Sob outro âmbito, importa destacar que a legislação pátria proíbe a suspensão do fornecimento de serviços de utilização compulsória para o consumidor.

Nesse sentido, a utilização dos serviços de fornecimento de água e remoção de dejetos prestados pela requerida são de utilização compulsória para o consumidor, ou seja, independem da vontade deste para serem prestados, pois assim dispõe o art. 8º caput da Lei Complementar Estadual n.º 04/75:

"Art. 8º. Todo o prédio, destinado a habitação ou para fins comerciais ou industriais, deverá ser ligado às redes de abastecimento de água e remoção de dejetos, quando a exploração dos sistemas for estadual, municipal ou concedida".

No mesmo diapasão, destaca o art.7º da Lei Complementar n.º 33.641/77:

"Art. 7º. Todos os prédios residenciais, comerciais, industriais ou instalações em logradouros públicos, localizados em áreas servidas por Sistema de Abastecimento de Água e por Sistema de Coleta de Esgotos, serão obrigados a fazer as respectivas ligações aos sistemas, aterrando os poços ou fossas existentes."
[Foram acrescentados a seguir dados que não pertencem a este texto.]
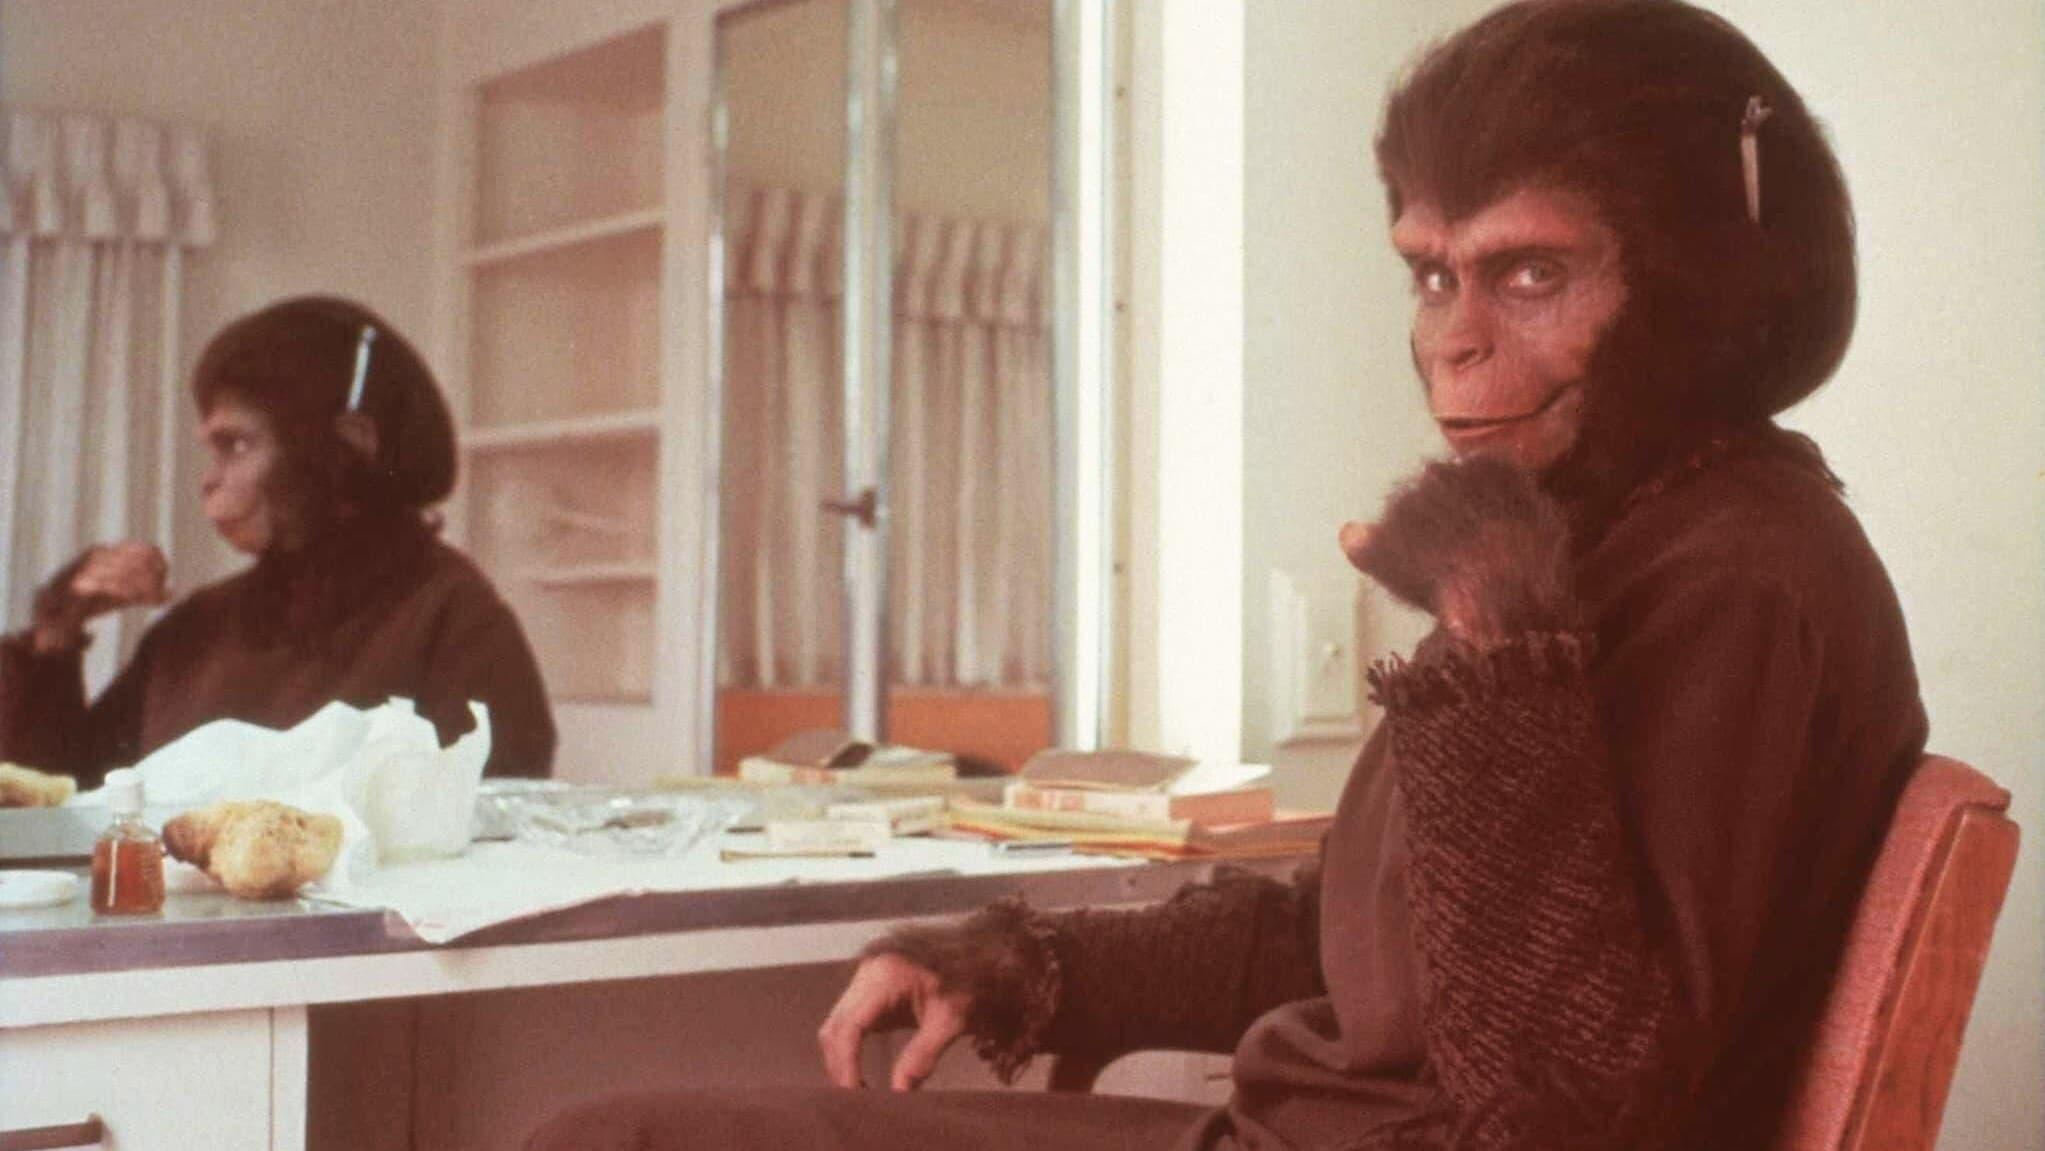 Behind the Planet of the Apes backdrop

Esta "compulsoriedade" atribuída pelo legislador aos serviços de fornecimento de água e remoção de dejetos nos trazem duas conclusões interessantes à presente demanda.

A primeira refere-se à indispensabilidade da água para a manutenção da saúde do usuário e de toda a coletividade, posto que o fim destas normas é propiciar a todos os cidadãos, até mesmo contra a sua vontade, uma condição de dignidade humana advinda do saneamento básico.

Já a segunda refere-se a incoerência lógica existente entre a obrigatoriedade do serviço e a possibilidade de suspensão do mesmo diante do simples inadimplemento do usuário, posto que tal obrigatoriedade, imposta para que prevaleça o interesse público sobre o privado, pode ser invalidada pela possibilidade da suspensão, o que beneficia exclusivamente a empresa prestadora do serviço.

Assim, volvemos a frisar que estamos diante da estarrecedora possibilidade de virem a se propagar doenças altamente contagiosas e letais (cólera e hepatite entre elas) em razão da política adotada pela SANEPAR para cobrança de seus serviços.

Se tal atitude não for coibida, número cada vez maior de pessoas deixará de ter acesso a um dos mais elementares benefícios da sociedade contemporânea: a água tratada.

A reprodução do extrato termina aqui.